*The task:* Exclude the pictures and set down, unaltered, the lines from the one that holds "some colored paintbrushes" through the end of the data.

*Information supplied:*

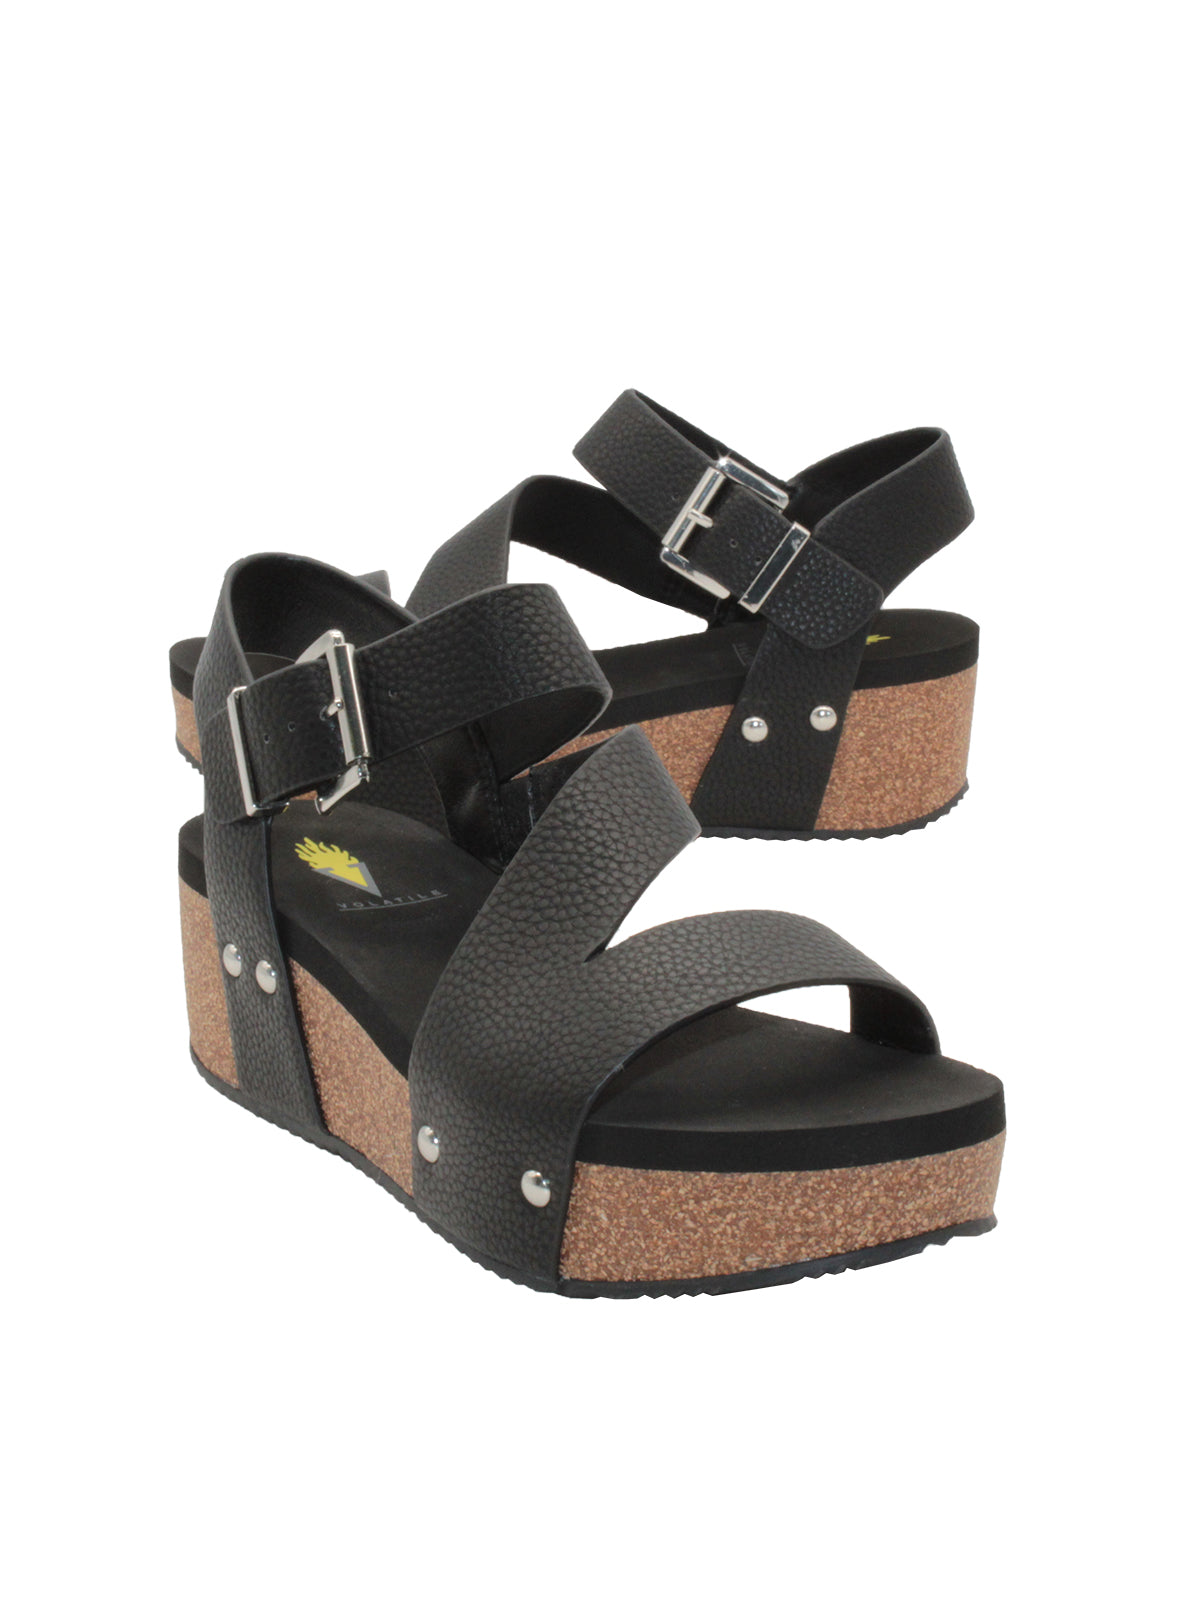 Vegan leather or heavy canvas asymmetrical upper Synthetic lining Adjustable metal buckle and metal clog studs Asymmetrical sandal with back strap Ultra comfort EVA insole Cork wedge Rubber traction outsole Approx. 2” heel height black 3/4 angle
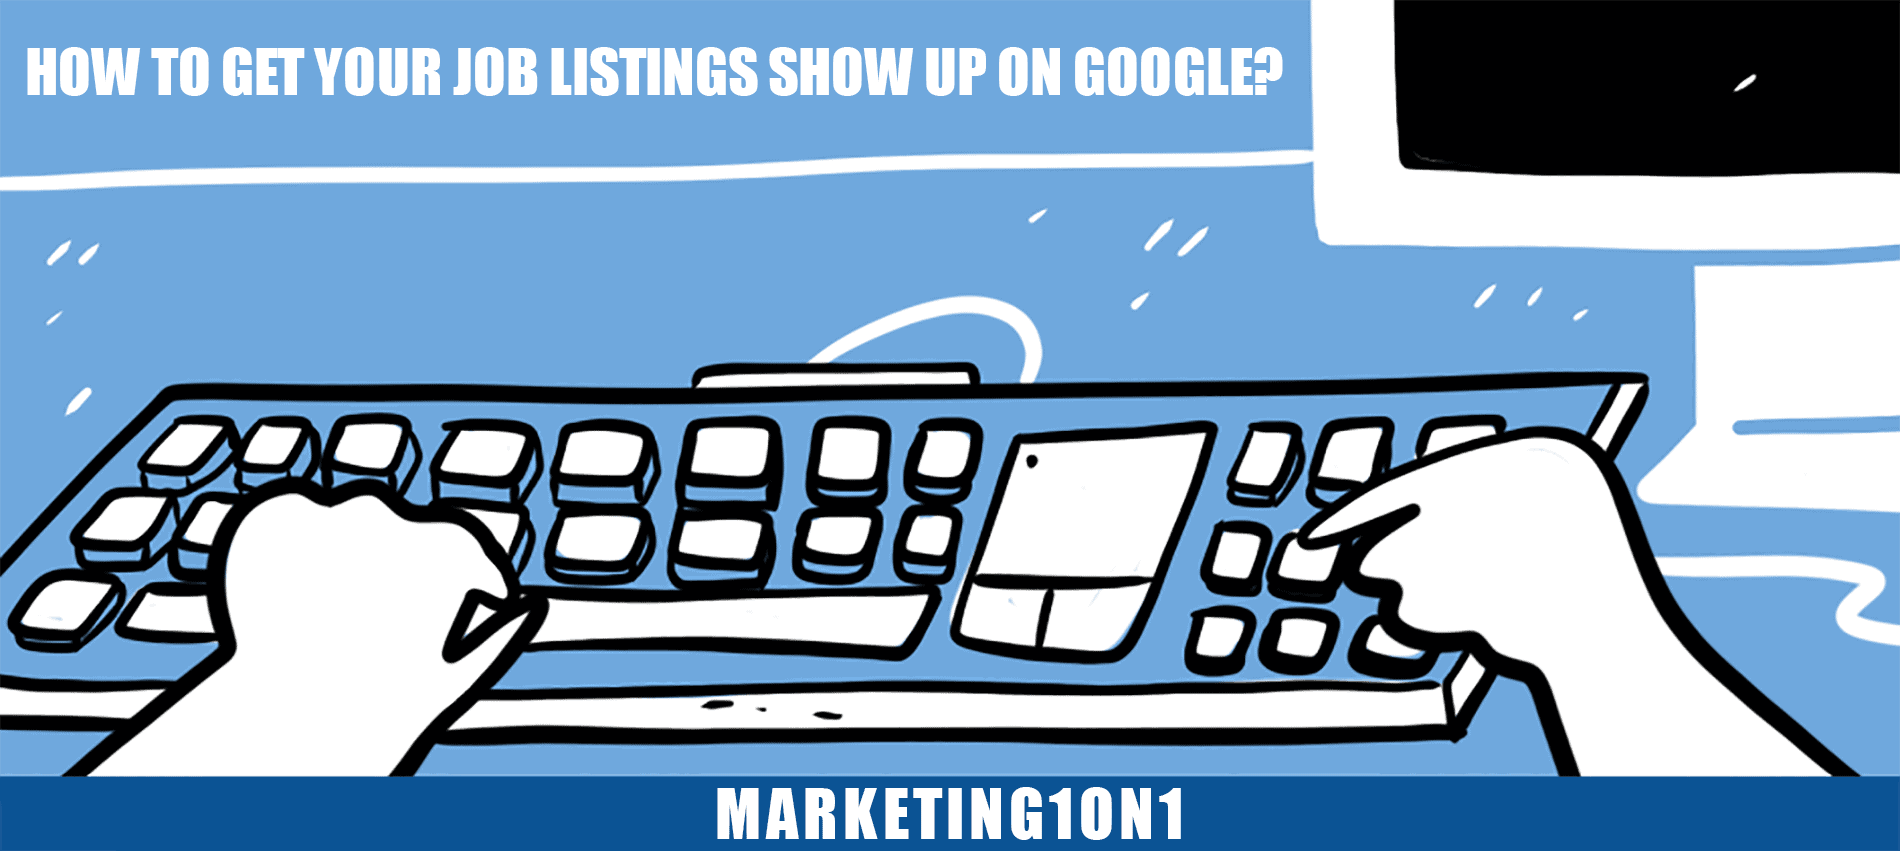 How to Get Your Job Listings Show Up on Google
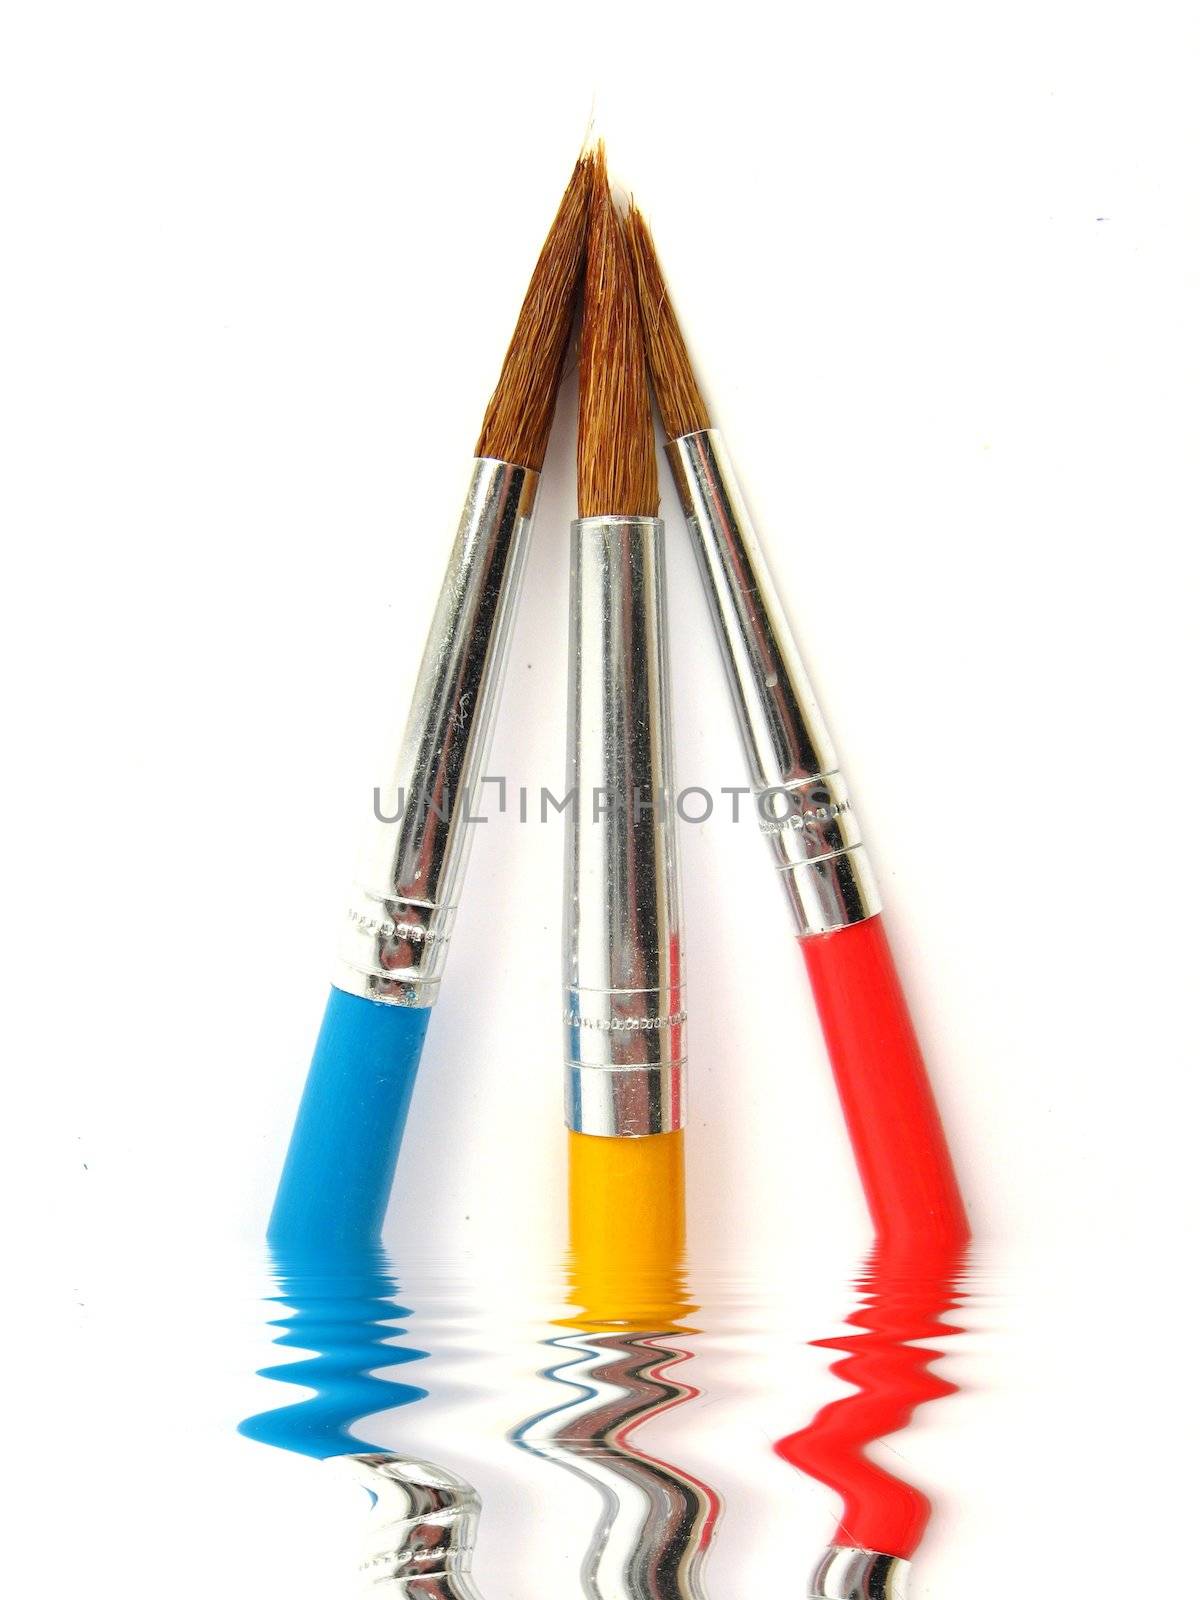 some colored paintbrushes over a white background
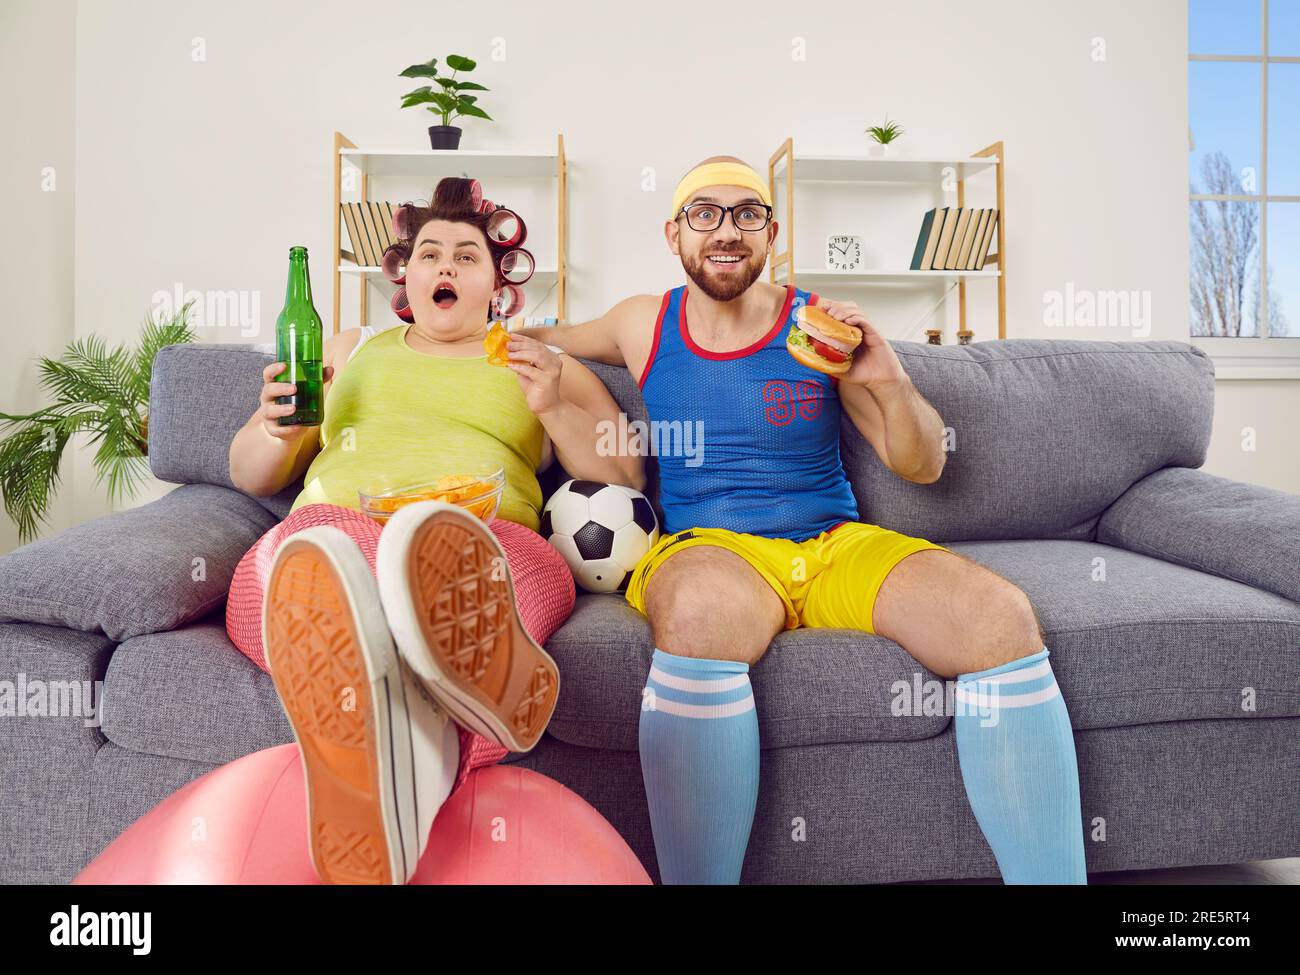 Funny family couple having cheat day, eating junk food and watching football on TV Stock Photo

*Your response:*
 some colored paintbrushes over a white background
 Funny family couple having cheat day, eating junk food and watching football on TV Stock Photo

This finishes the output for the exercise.